Quick sanity check: confirming seed actually works in your stack
Before relying on seed across your test suite, run a one-line confirmation in the same environment your tests use. Network proxies, alternate Vertex AI endpoints, or a mismatched SDK version can all produce subtle differences from the public API. The fastest check is to send the same minimal prompt three times back-to-back with seed=42, temperature=0 and assert all three responses are byte-identical. If they are, your stack is honoring seed correctly. If they're not, something in the path between your code and the model is dropping the seed — usually a wrapper library that forgets to forward the parameter, or an enterprise gateway that strips fields it doesn't recognize.

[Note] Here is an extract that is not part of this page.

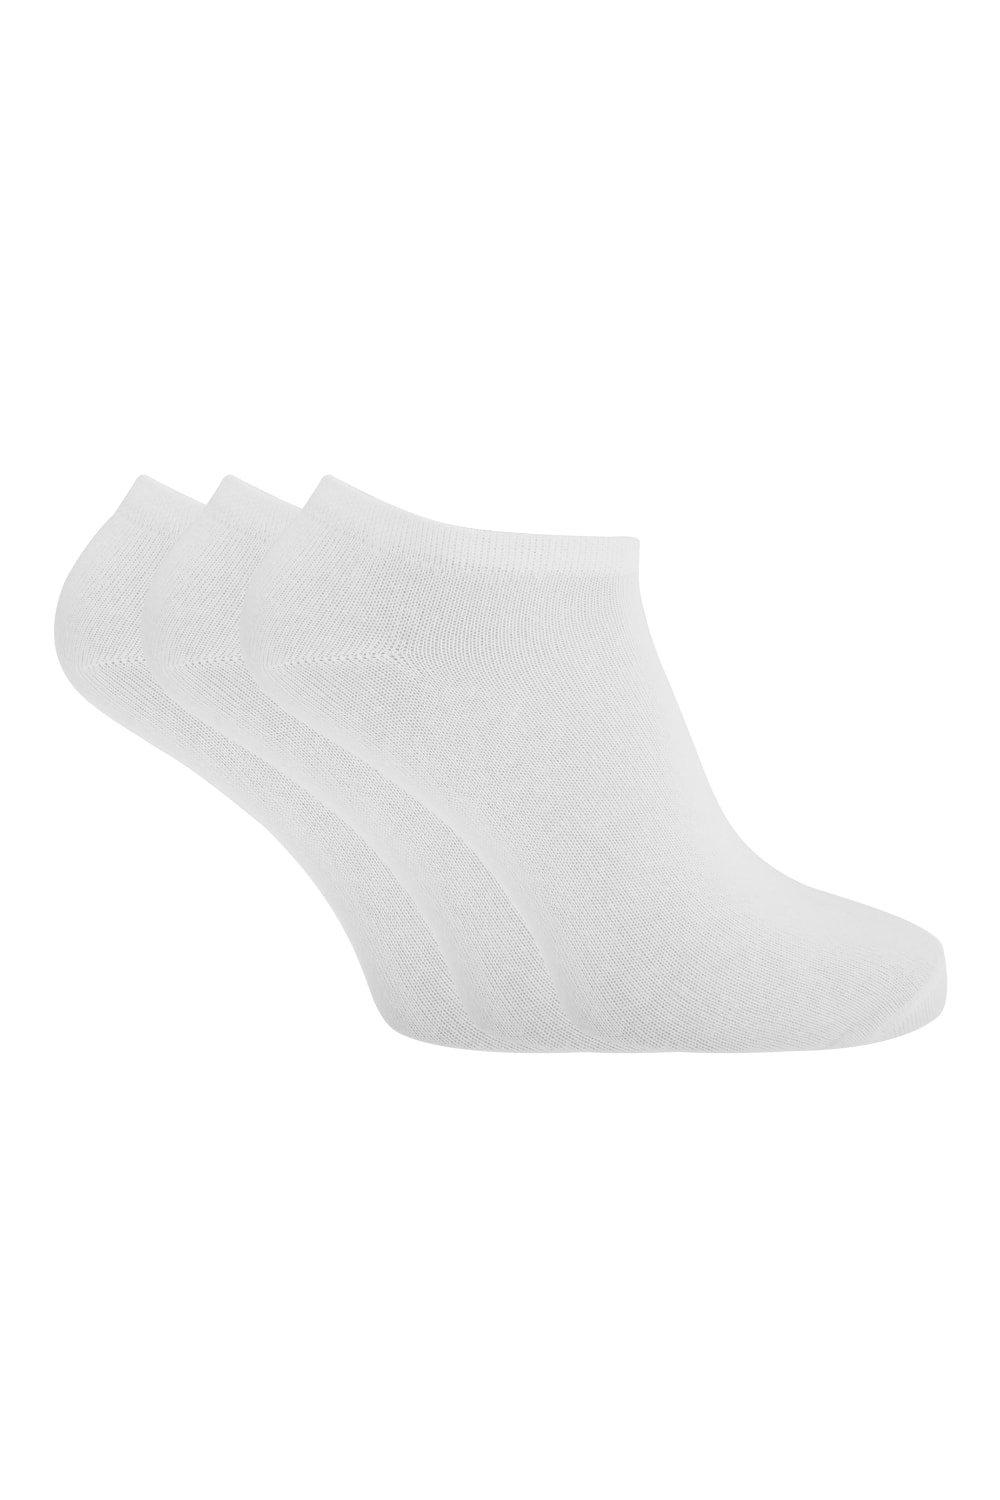 Cotton Rich Lycra Trainer Socks (Pack Of 3)
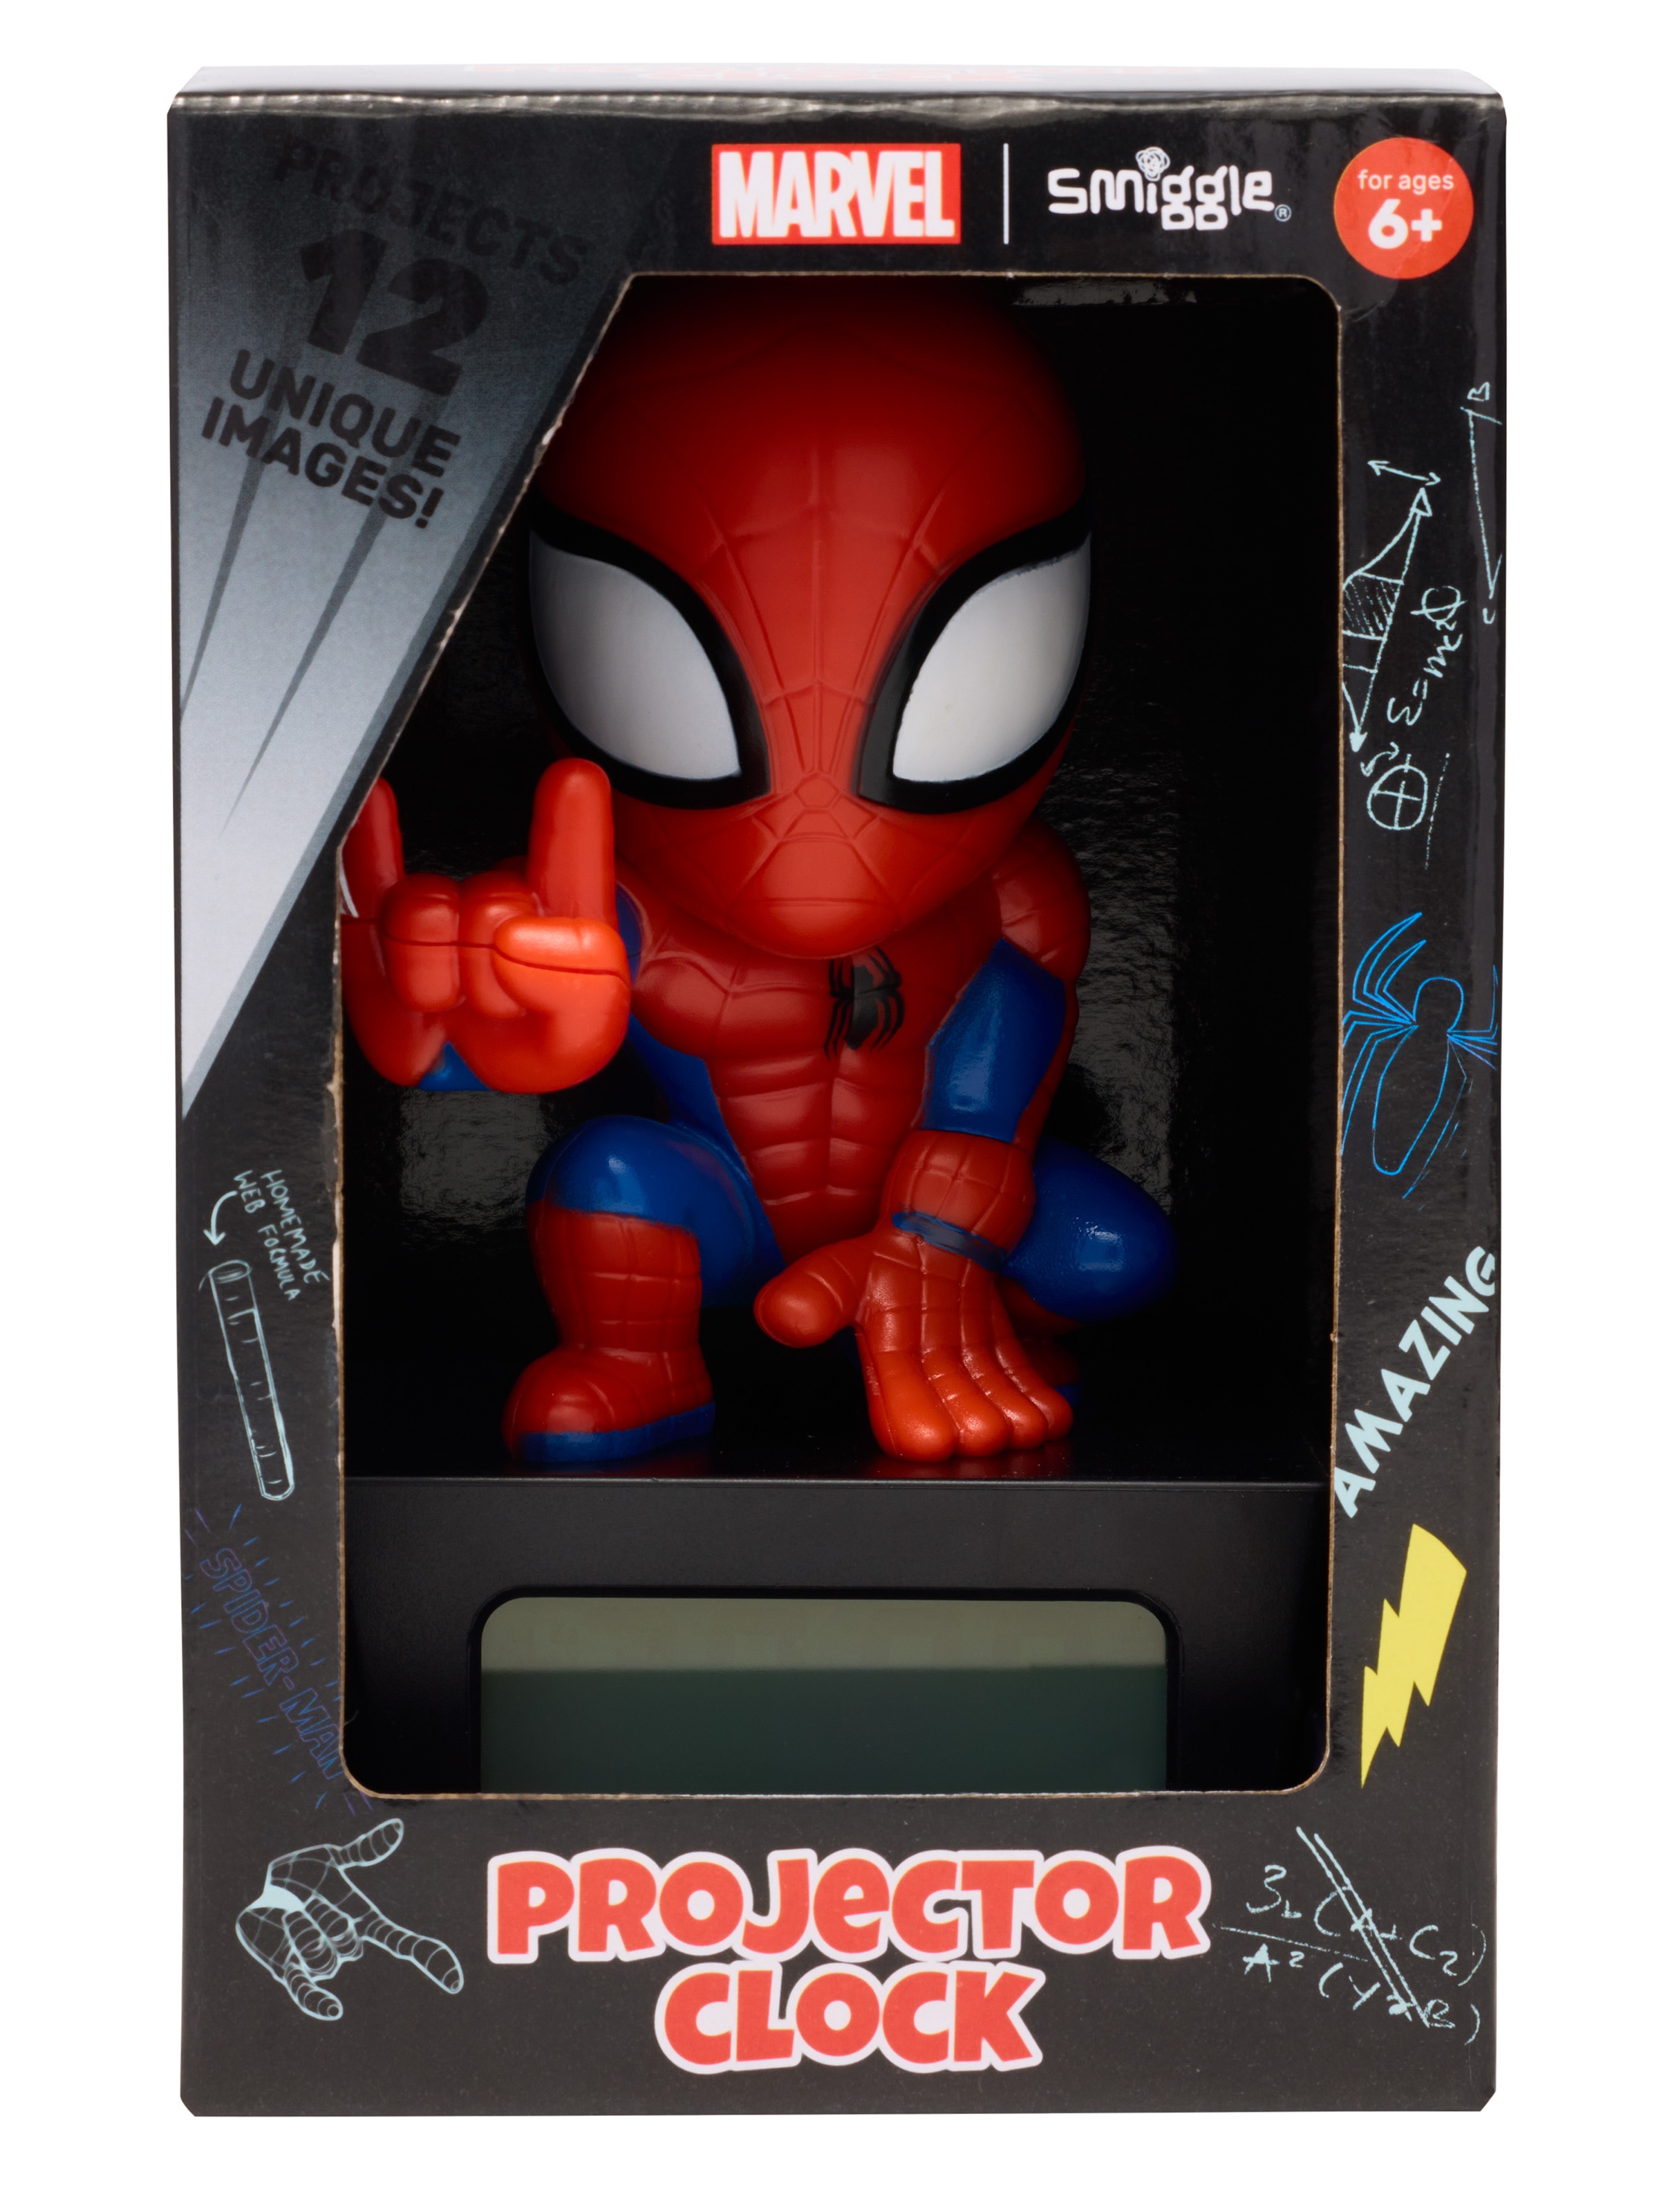  Projector Alarm Clock Spiderman Marvel with Snooze Function and  Alarm Function, Night Light with Timer, LCD Screen, Battery Operated,  Blue/Red, RL977SP : Home & Kitchen

This five-second test has saved me from spending an afternoon debugging "non-deterministic" tests that were actually deterministic the entire time, just routed through a layer that silently discarded the seed.
What to try next
Open one of your current Gemini API call sites, add seed=42 and temperature=0, and run the same prompt twice. In most cases the two outputs will match exactly. If they don't, walk down the "when seed does not help" list — it's almost always one of those five issues.
Once you have that working, add a single snapshot test to CI for one important prompt. The moment your pipeline can detect quiet output drift, your ability to iterate on prompts steps up noticeably.